What have we learned?

Well, obviously, Perl source filters are just not strong protection for your source code. If you know what a CPU register is, and you know how pointers work, it’s a lot easier than the man-page implies to pinpoint the place in the Perl interpreter where cleartext source-code can be found in memory. I’ve even produced a fairly simple script that does just that.

But really, this shouldn’t be news to you. And, how likely are you to run into obfuscated Perl? Not terribly. My point isn’t that Perl is weak. The problem with Perl source filters is an example of a problem that afflicts all high-level language runtimes: if you want your code to run, you have to expose it to the interpreter. On general purpose architectures, you can’t expose something to the interpreter without exposing it to everybody else.
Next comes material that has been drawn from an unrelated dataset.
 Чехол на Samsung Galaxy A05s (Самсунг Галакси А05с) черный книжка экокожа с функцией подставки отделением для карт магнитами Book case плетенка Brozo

If you’re shipping high-level source code in any form, including bytecode, self-hosted executables, or encrypted bundles, you’re ultimately shipping your source code. Get used to that idea, or go back to writing in C.

16 Comments so far

  • Aaron Portnoy

    June 2nd, 2008 1:28 pm

    Hey Eric,

    In a couple weeks at Recon I’ll be giving a presentation with a colleague on how to do similar things with Python. We go over extracting and modifying code from .pyc and .pyd files, writing our own assembler and disassembler, as well as possible anti-reversing techniques. Although I haven’t looked at EVE yet, I will be demonstrating many cheats I’ve injected into the Pirates of the Caribbean Online MMORPG. The abstract for our talk is located here: http://recon.cx/2008/speakers.html#python.


    Aaron

  • Nate

    June 2nd, 2008 2:34 pm

    Nice. I prefer to use read/write watchpoints though since you don’t have to figure out what code is involved in descrambling the data. All you need is the input and output buffer.

  • sapphirecat

    June 2nd, 2008 10:55 pm

    The m68k had a trace bit, but as far as I remember, only line-by-line tracing (and not breakpoints) trigger it. The old versions of AmigaDOS used it to block tracing of supervisor code, but you could still execute that code without giving up control of your program, using the ‘run-to-line’ feature of the debugger.
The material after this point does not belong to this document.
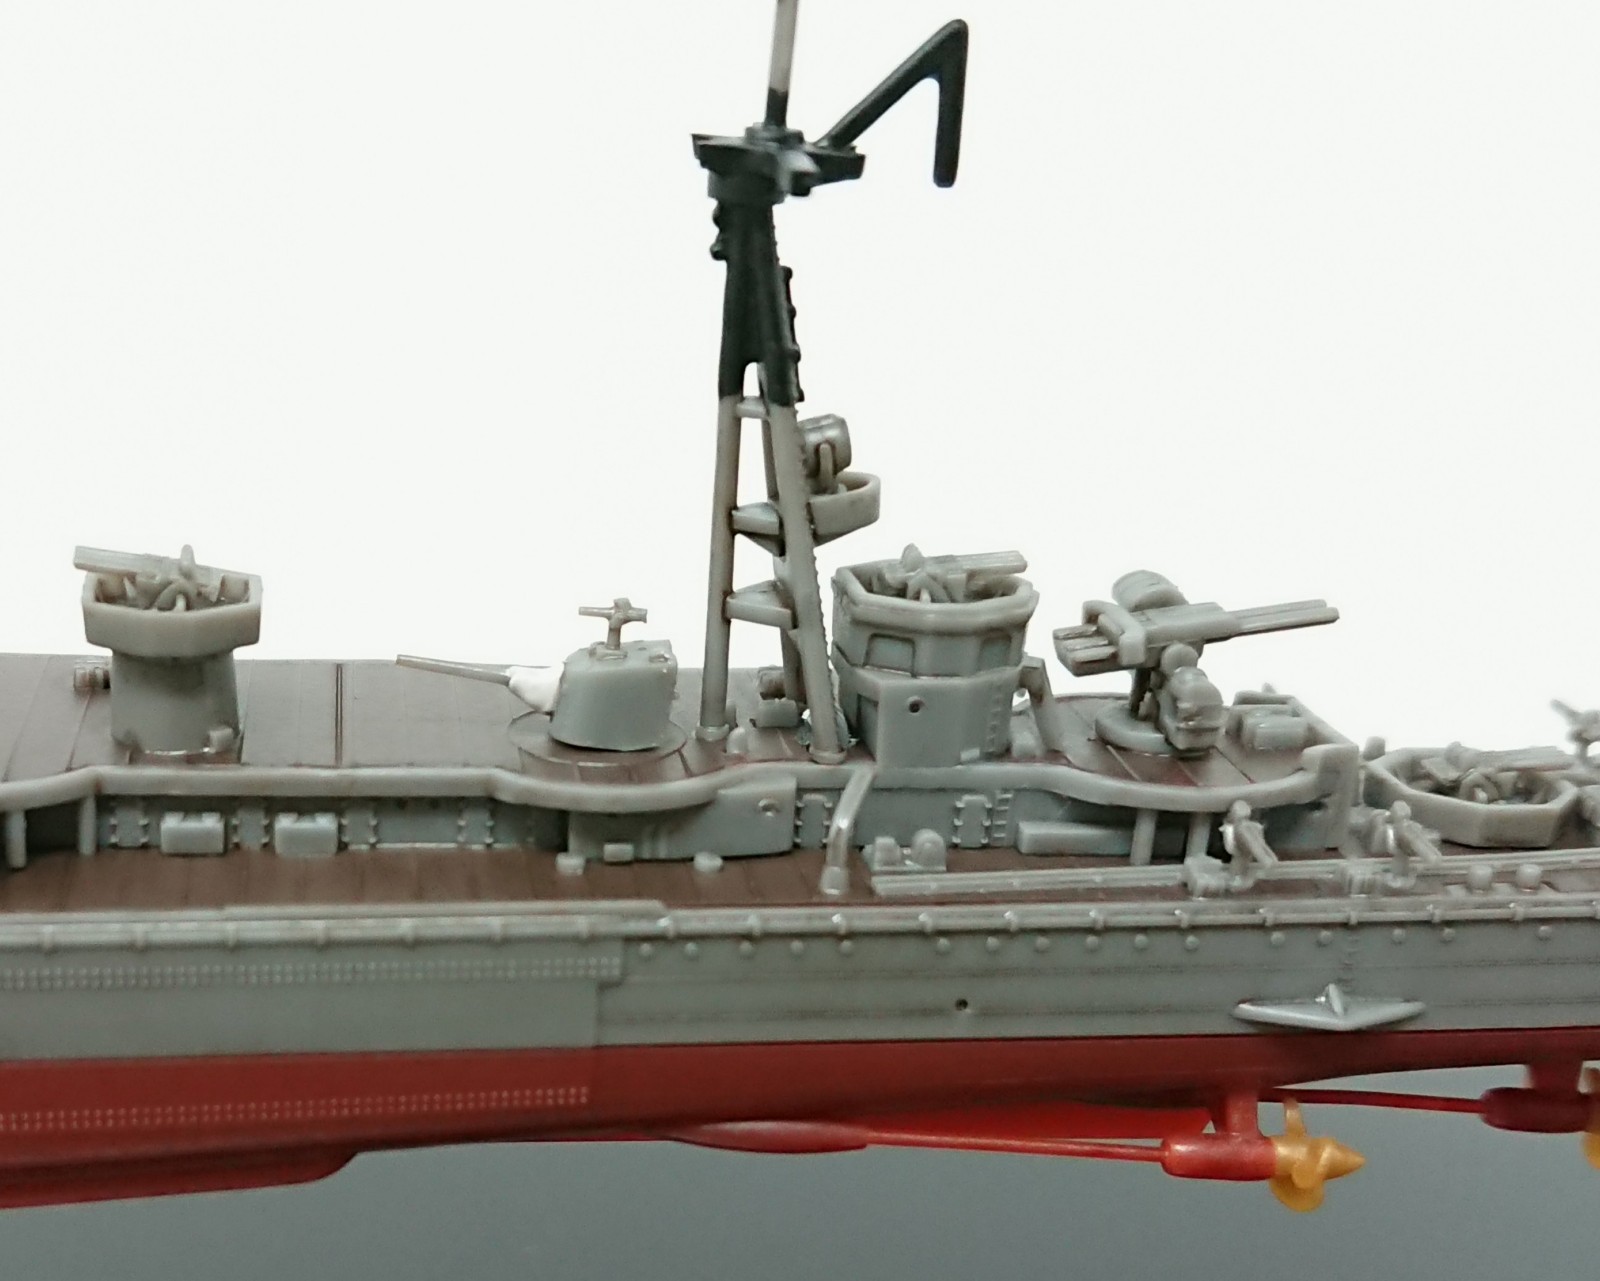 フジミ模型 1/700 艦NEXTシリーズ色分け済みプラモデル「No.18 日本海軍 軽巡洋艦 多摩(たま) 昭和19年(1944)」完成品ギャラリー  | 初心者プラモデル道

    Effectively, unless the computer can securely watch itself (which the trace bit was a small step towards), there is no way to actually secure it.

  • Rolf

    June 3rd, 2008 9:12 am

    You’re mostly right about the lameness of script obfuscators, but:

    “The problem with Perl source filters is an example of a problem that afflicts all high-level language runtimes: if you want your code to run, you have to expose it to the interpreter.”

    For instance, PHP internally contains a function pointer called “execute” that can be replaced at runtime to allow for a custom interpreter. Ergo the PHP bytecode that you see in memory post-decryption is not “typical” bytecode and will not run if passed to the standard interpreter. That said, these protections still tend to be lame — they usually just use the standard interpreter with some XORs thrown in here and there for obfuscation.

  • Mongo

    June 3rd, 2008 9:22 pm

    > Get used to that idea, or go back to writing in C.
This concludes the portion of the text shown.